Он словно напророчил, написав стихи «В России надо жить долго». Хотя у него была тяжелая операция в Америке, и итогом этого события как бы стало его выдающееся интервью с Соломоном Волковым, которое, как мне стало известно, произошло по инициативе Жени. Женя пережил операцию и написал Волкову, что хочет дать это как бы прощальное интервью. Но, слава богу, все хорошо, и даже сегодня Женя гастролирует по миру, и только морщинки на его лице говорят о его возрасте.

Это интервью было разбито на несколько частей. На меня оно произвело сильное впечатление тем, что Женя, с моей точки зрения, отличался способностью воображаемое, придуманное, пережитое в его воображении превратить в реальность.

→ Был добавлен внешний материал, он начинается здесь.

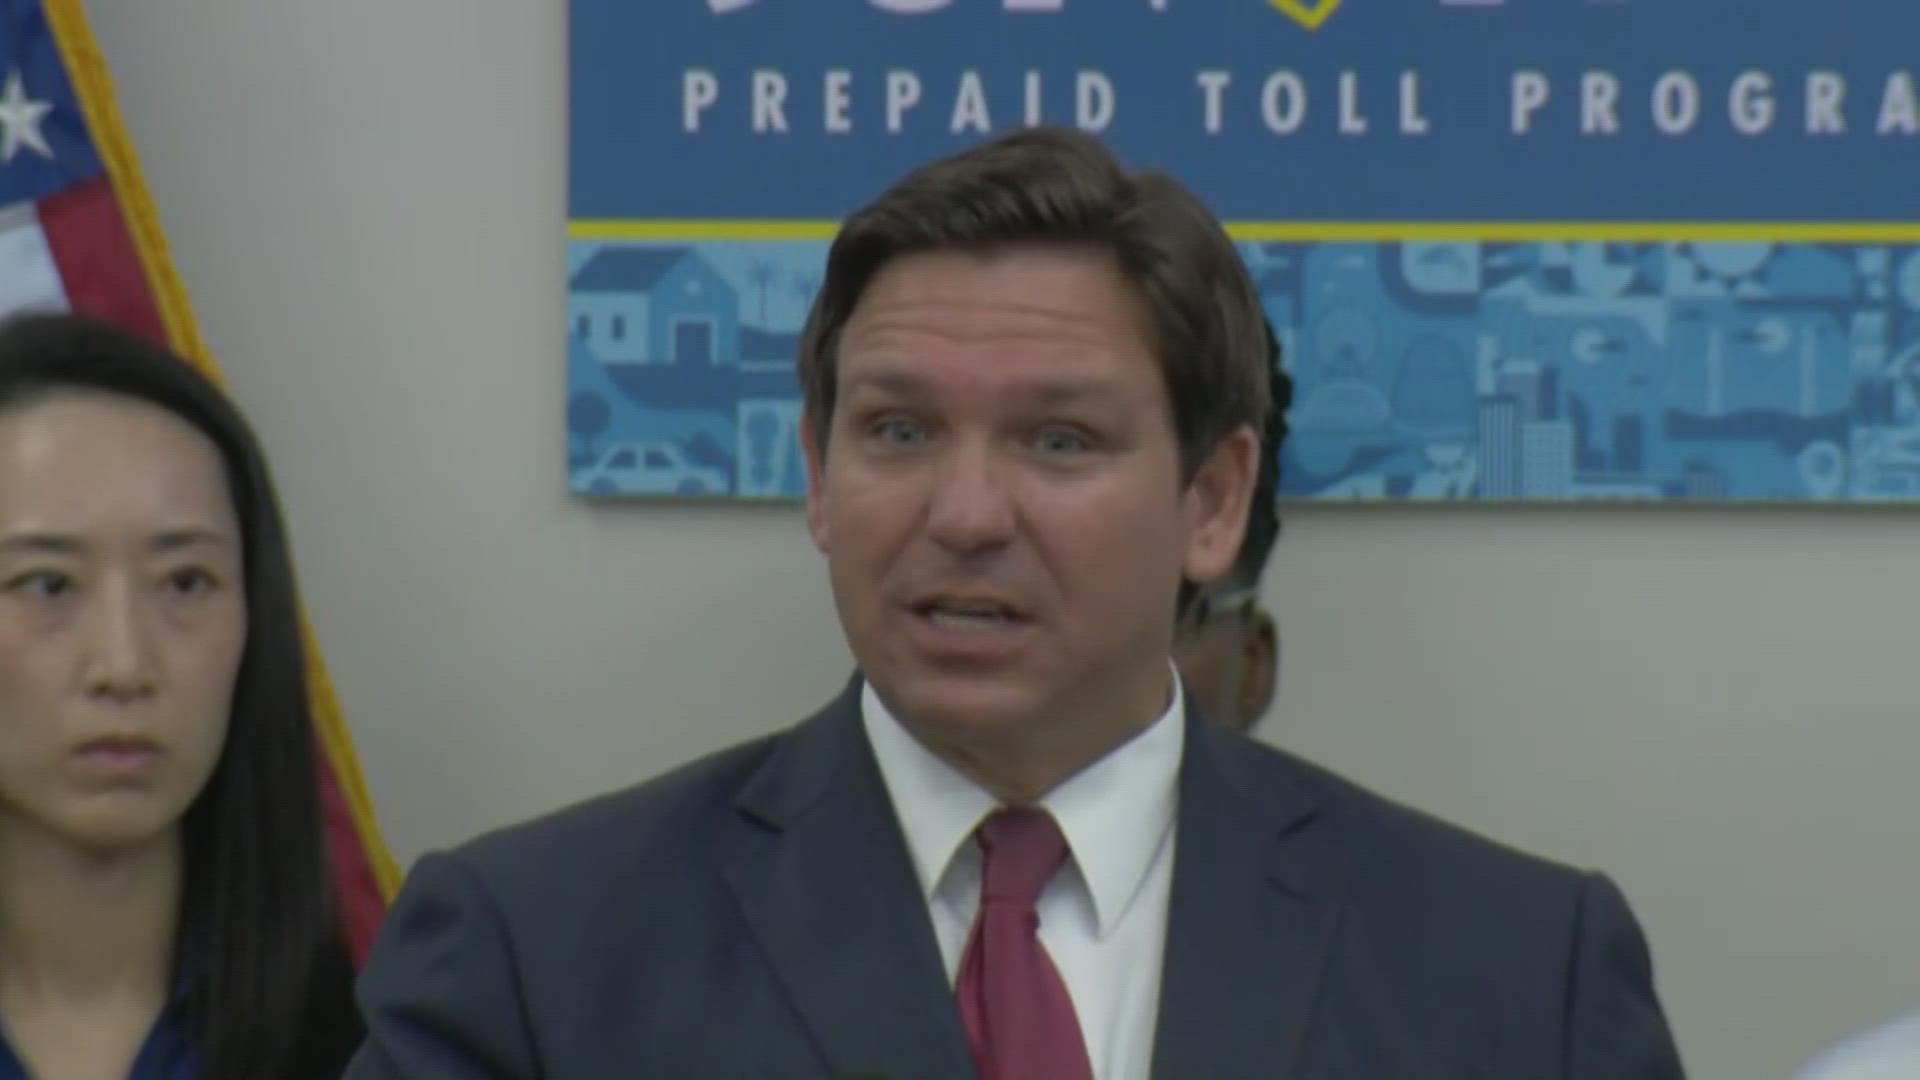 Gov. Ron DeSantis announced Thursday the SunPass Savings Program, which will credit drivers up to 25% of their tolls back to them every month for the next six months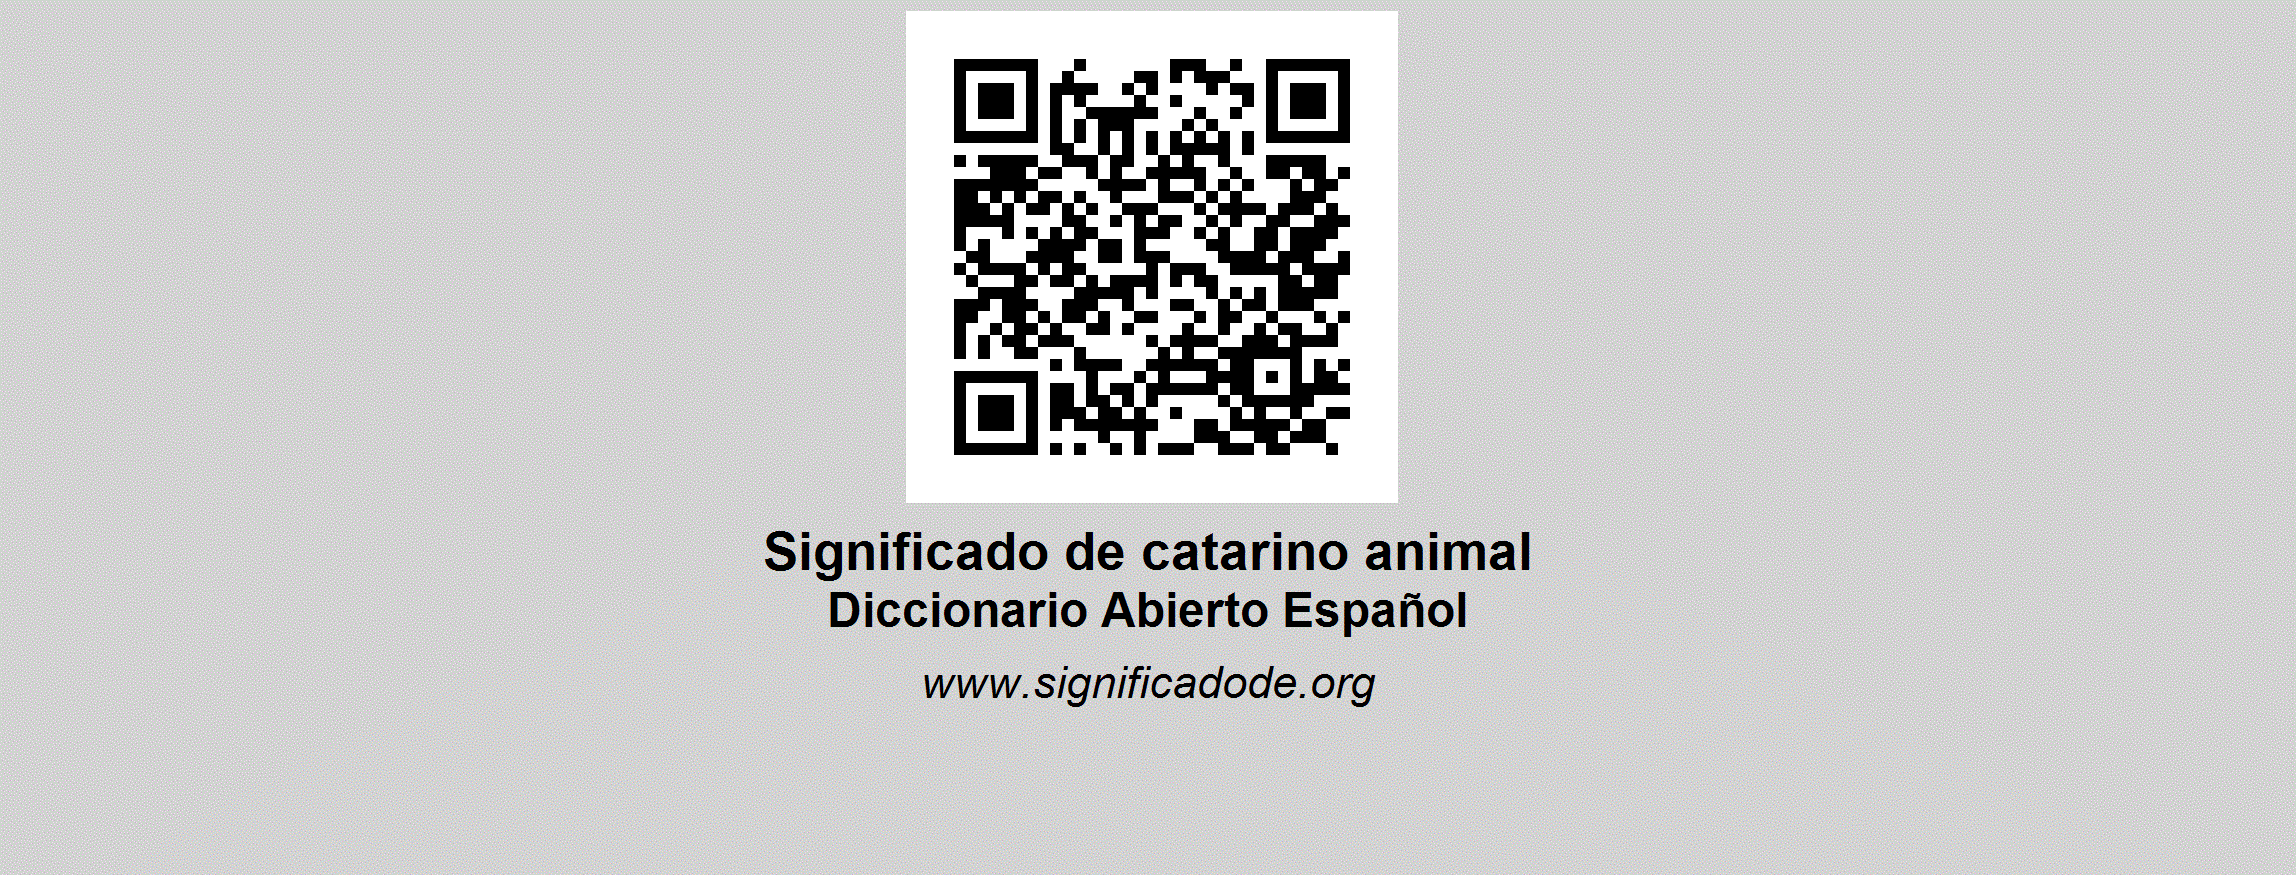 Great Catarino Animal of the decade Learn more here

Я так много знаю выдуманного Женей в различных интервью, когда он рассказывает о своих поступках, встречах. Но это такая натура у человека. Он не мог себя внутренне представлять как обыкновенного человека или как человека, способного иметь в своей биографии события обычные, человеческие. Он всегда подавал себя как очень смелого, очень самоотверженного и очень влиятельного человека. Особенно много он приписывал себе, что какое-то его письмо или встреча имели судьбоносное влияние.

У него всегда был азарт по отношению к женщинам, он был уверен, что может покорить любую. Я не раз наблюдала картину в ЦДЛ, как Женя подсаживается за столик к своему приятелю, который сидит с подругой, совершенно очевидно, что это свидание, но Женя подсаживается, заказывает напиток, балагурит и очаровывает эту девицу. Доказать свое превосходство – в этом весь Женя.

Я всегда хорошо относилась к Жене. И это все его выдумки, что я их пыталась поссорить с Андреем. Если бы он знал, сколько усилий и сил я приложила для того, чтобы они до конца не поссорились. Внутри Андрея жили как бы два человека, и один человек в нем никогда никому ничего не прощал. Если дело касалось его как поэта, этой его составляющей, то он не оглядывался и шел напролом. При этом когда речь не шла о его поэзии, то он был абсолютно непривередлив и всегда шел на уступки. В семейной жизни он был удивительно легким человеком, если его понимали как поэта.

А у Жени была полностью обратная ситуация. Он должен был быть лидером по жизни и даже выбирал такие же исторические события для стихов.

Андрей совершил огромную ошибку, что не ходил на вечера Евтушенко. Он говорил, что не может слушать его стихи. Это бывает у очень одаренных людей. Я помню случай. Мы как-то сидели в ресторане с Родионом Щедриным и Плисецкой. И там играл оркестр, Родион морщился и наконец заставил нас перейти в ту часть, где музыки было не слышно. Потому что даже одна фальшивая нота его ранила. Вот у Андрея было это же чувство, а я не могла его заставить пойти на вечер и жутко ругала его за это.